Where has time gone.

I’ve been busy and obviously lazy.  Most of my time is either sucked up by college or my own laziness.  It sure hasn’t helped that the Olympics are on.  I’m a huge fan of America and track and field.

If you hate sociology stop reading now.  I have words that need written.

What is a sociological construction? Who built this theme we live in or this perception for which we guild our existence?  It can obviously be argued that due to our inherent social and emotional intelligence (nowhere near the Goleman definition but more specifically towards Bar-On) we are restricted throughout life to a particular amount of constructed limits.  Such limits predetermine just about each action we do.  Current judicial guidelines are a clear example.  Laws generally make common sense and are typically in-line with the majority’s view upon right and wrong and their rightful consequences.  When deviations exist, consequences are enacted or rulings of insanity are present.  As such, each of us exists within a particular stratification dependent upon numerous criteria and demographics.  This immediate society is specifically what governs us.

The process to change one’s sociological stratification across predefined immediate social boundaries and rules is inherently arduous.  To jump ship is but to deviate and infract against set social norms. 
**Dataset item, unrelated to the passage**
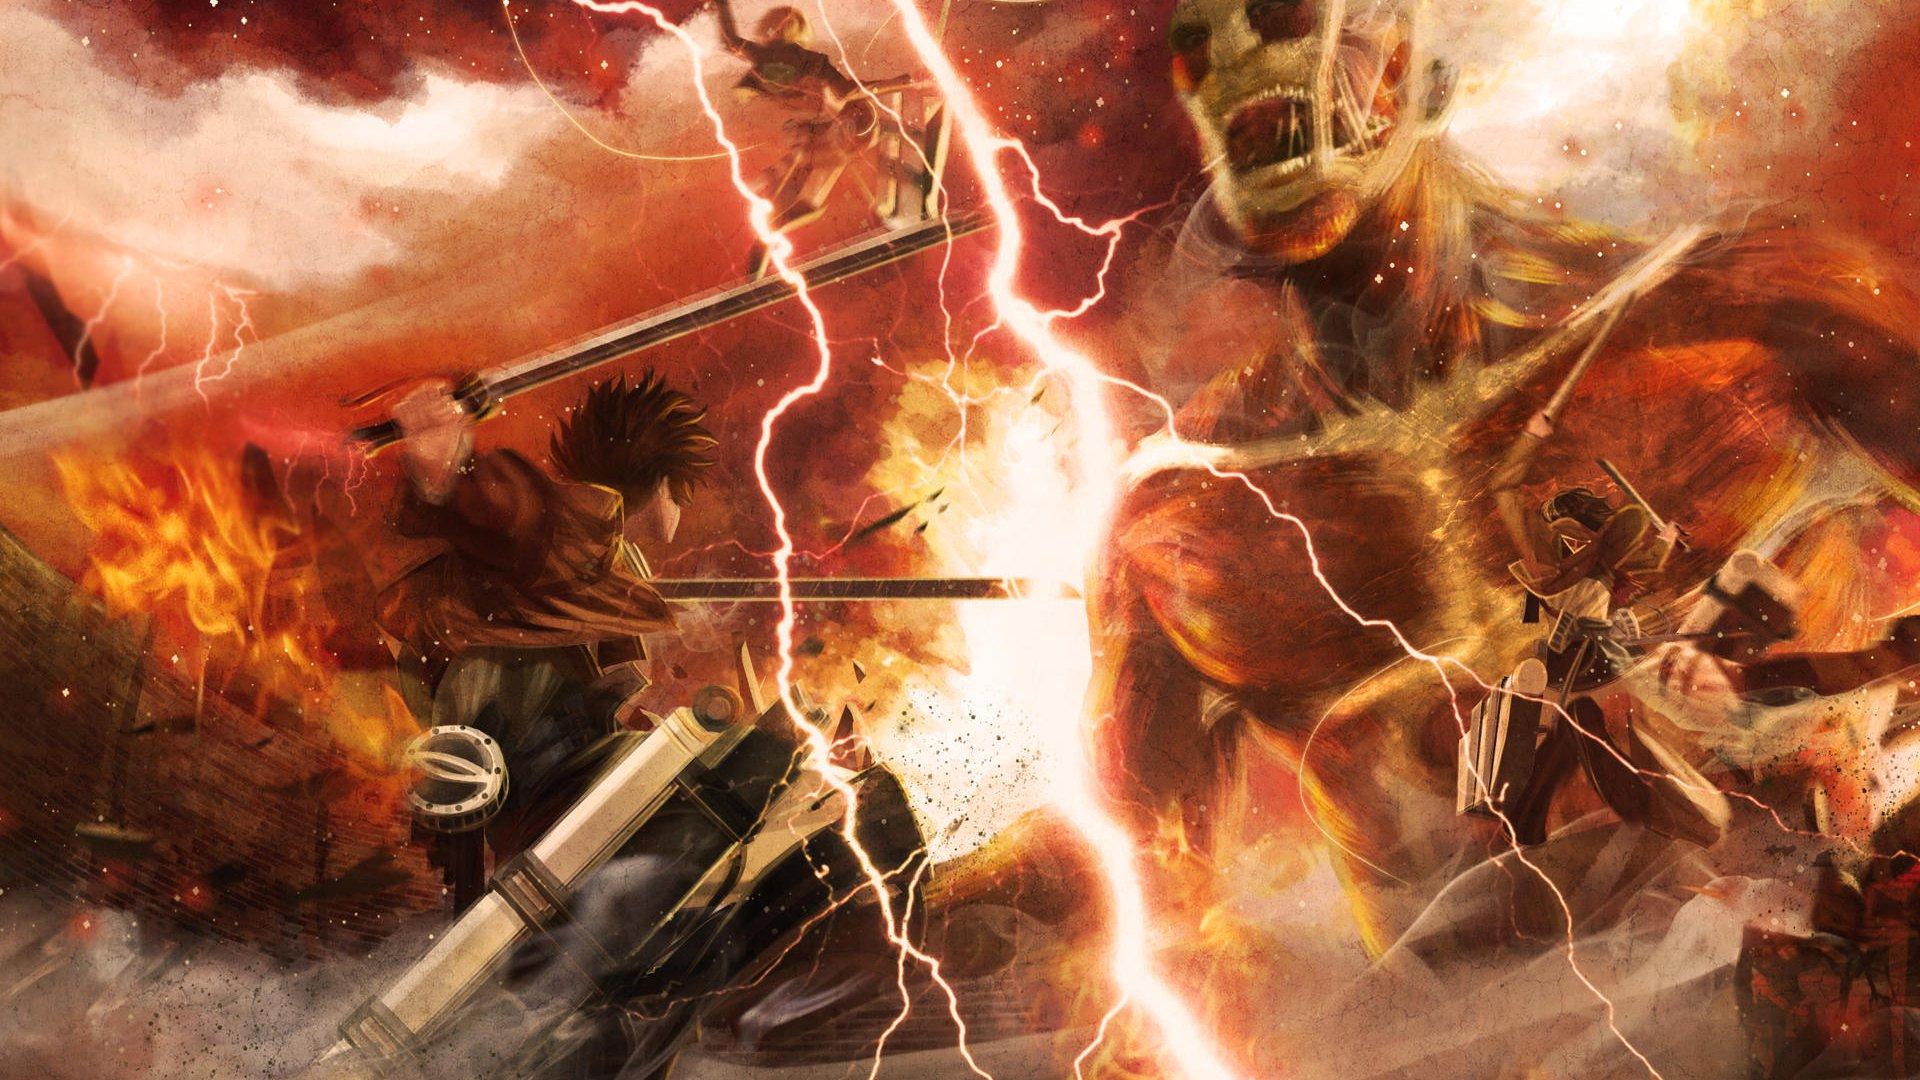 Attack On Titan Hd Wallpaper Hd Wallpaper Backgrounds Attack On Titan Hd Background 1920x1080 Download Hd Wallpaper Wallpapertip

This stands to explain that not everyone is intrinsically held from being great, as social oppression can hold even the greatest down.   To marginalize such limits, deviations from what is normal have to be broken.

—————

Everything for which I currently want/wish to do in life is beyond my immediate stratification within my society.  I constantly feel socially oppressed.  I have a ton of academic and personal goals. I will either finish a PhD and eventually teach college, or I will venture off to medical school.   I’m just over ten years in the military.  Anyone that knows anything about being in the military will tell you that I’m stuck for another ten years and it would be a complete travesty if I depart prior to receiving my 20 year retirement.   I know, I could easily just finish the next three years and venture back into college or medical school.  That’s a hell of a lot easier said, than done.  I will not dive head first into how money drives and pushes us all around.  Having the means to support my family is obviously paramount.  Determining to what degree I’m willing to marginalize that for the sake of personal happiness is a completely different story.  I don’t enjoy being stuck.  I don’t enjoy being forced away from my goals.

Having enough will and foresight to successfully depart such immediate social constructions and venture towards the completion of life long goals is the true question.

Regardless, the effort for which we all marginalize socially constructed norms towards internal gratification and goals is what ultimately defines our greatness.